Clearly, these findings have important implications for the rate of hepatic fibrosis in women as well as their response to therapy, with a relatively “fibrosuppressive” state being evident potentially in the premenopausal period and a pro-fibrogenic state potentially in the postmenopausal period. Such a hypothesis has been explored in the context of 2 distinct observational studies. In the first study, Di Martino et al35 surveyed 472 HCV-infected women regarding estrogen exposure throughout their reproductive life cycles, including timing of menopause, exposure to exogenous estrogens, and pregnancies.35 These authors had liver biopsy specimens available for review and were able to correlate clinical factors with hepatic fibrosis. They found that postmenopausal women had a higher rate of fibrosis progression and that among postmenopausal women, exposure to hormone replacement therapy resulted in a fibrosis progression rate lower than that of their untreated counterparts but comparable with that of premenopausal women. These findings were subsequently replicated by Codes et al,36 demonstrating that menopausal status was associated with more advanced hepatic fibrosis and that the reported use of hormone replacement therapy was correlated with a lower rate of hepatic fibrosis progression. Unfortunately, neither study examined the effect of hormone replacement therapy on response to currently available CHC therapies nor the potential for adverse events associated with hormone replacement therapy, including an increased risk of cardiovascular events and/or breast cancer.

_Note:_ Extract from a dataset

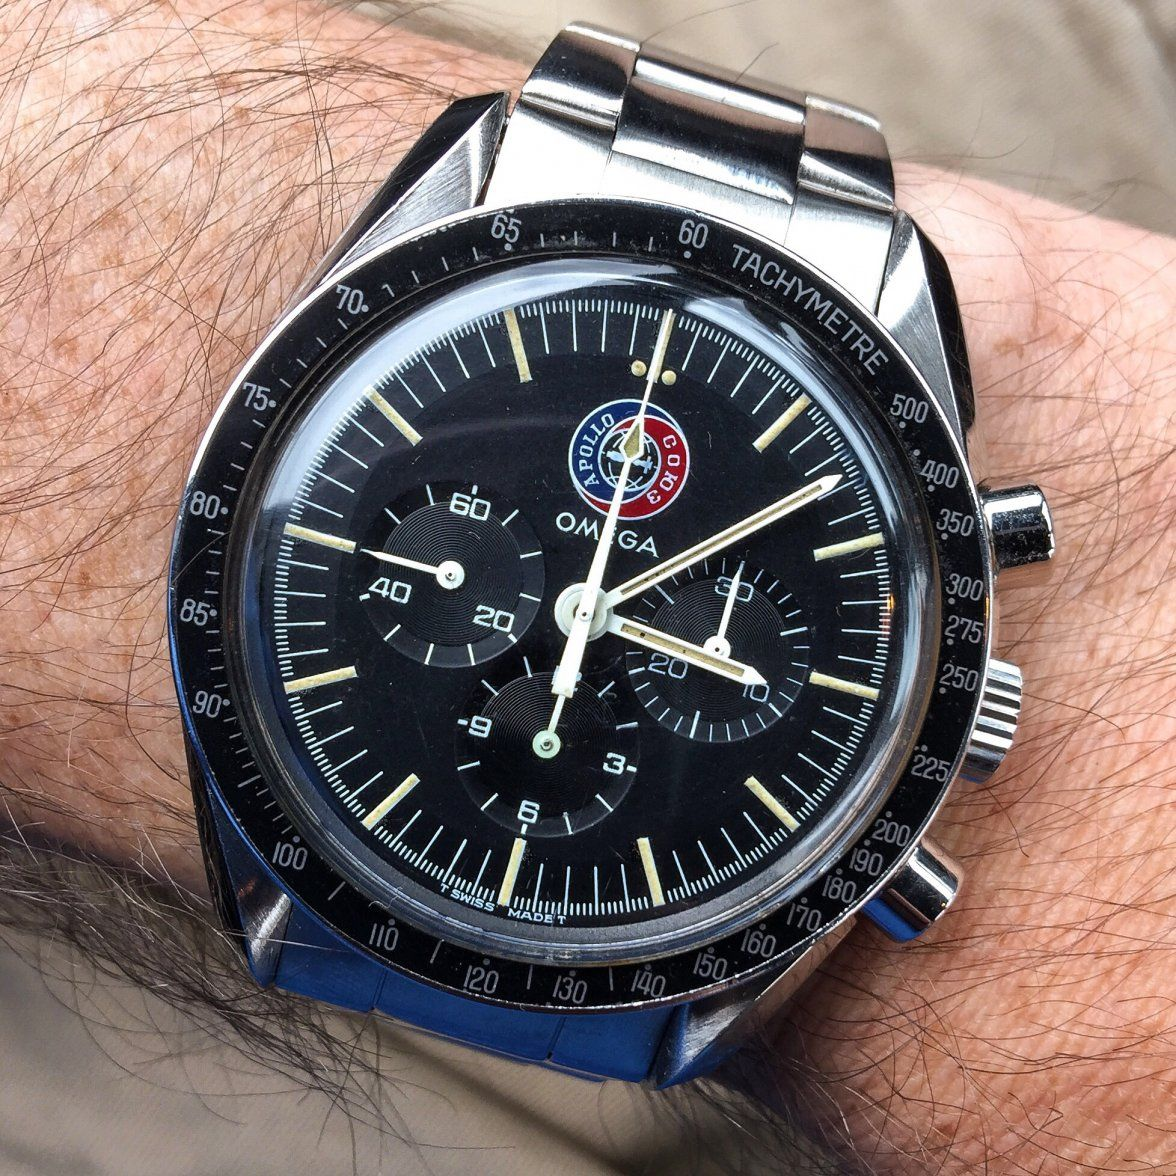 Rare Vintage OMEGA Speedmaster Pro Apollo-Soyuz LE Moonwatch Circa 1976 - http://omegaforums.net
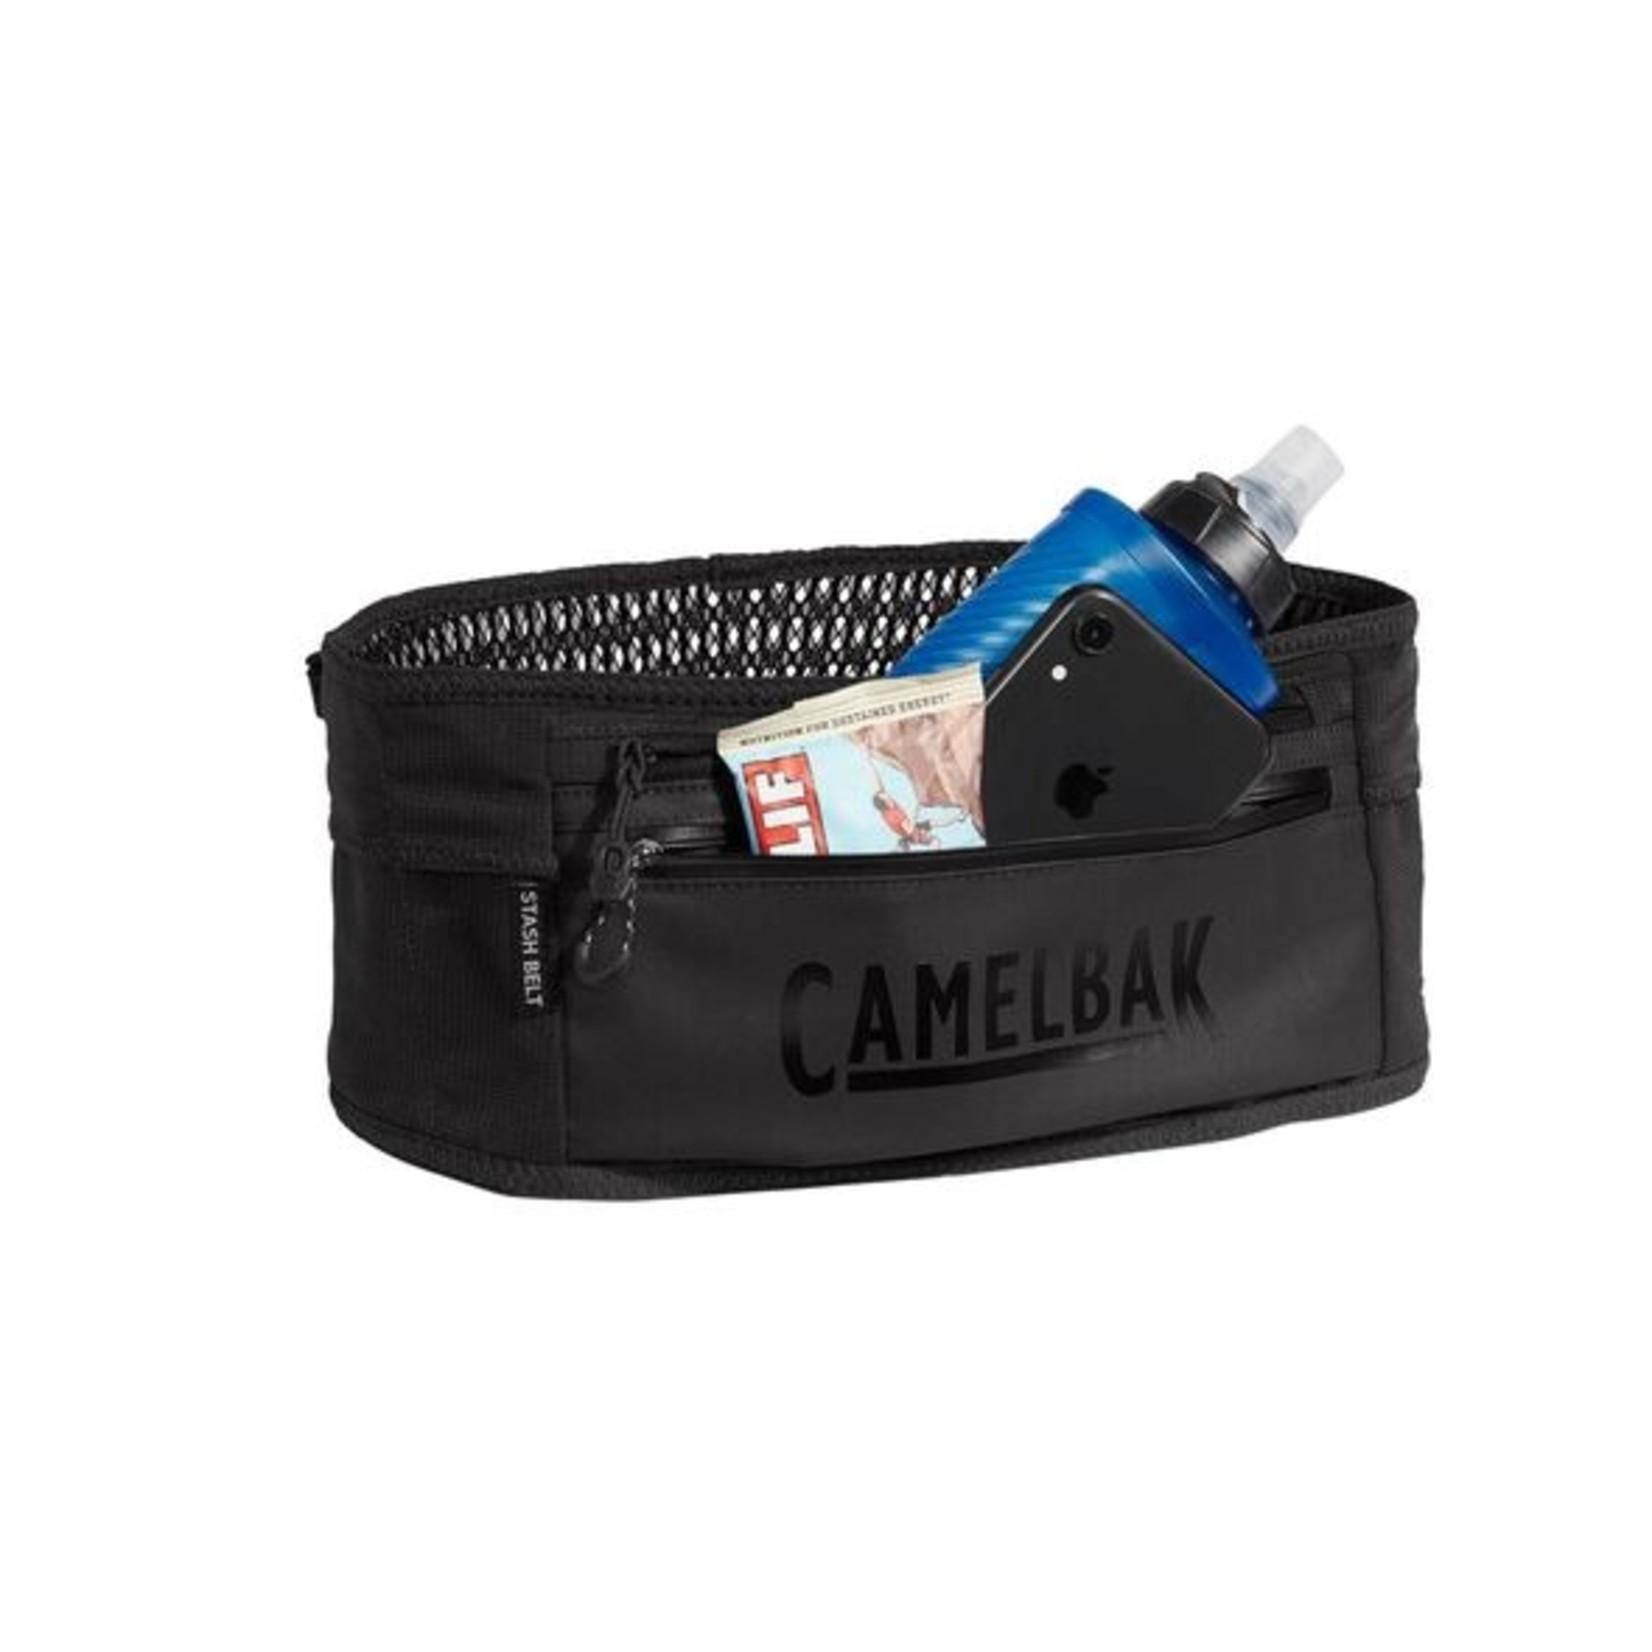 CAMELBAK Camelbak, Stash Belt (Medium)

Villa et al19 are the first to perform a comprehensive study examining response rates to CHC therapy based on gender as well as menopausal status within the female cohort included in the study. Additionally, the study highlights the changes of important cytokines including IL-6 and TNF-α throughout the reproductive life cycle in females as well as in males of varying ages. The sentinel observations in this study will undoubtedly lead to a further exploration of the effect of both estrogen and progesterone on the clearance of acute infection, establishment of CHC infection, and modulation of treatment response with new therapeutics. It also offers the opportunity for a candid discussion of the timing of therapy for CHC infection because rates of response seem to be affected by the transition of the premenopausal to postmenopausal state.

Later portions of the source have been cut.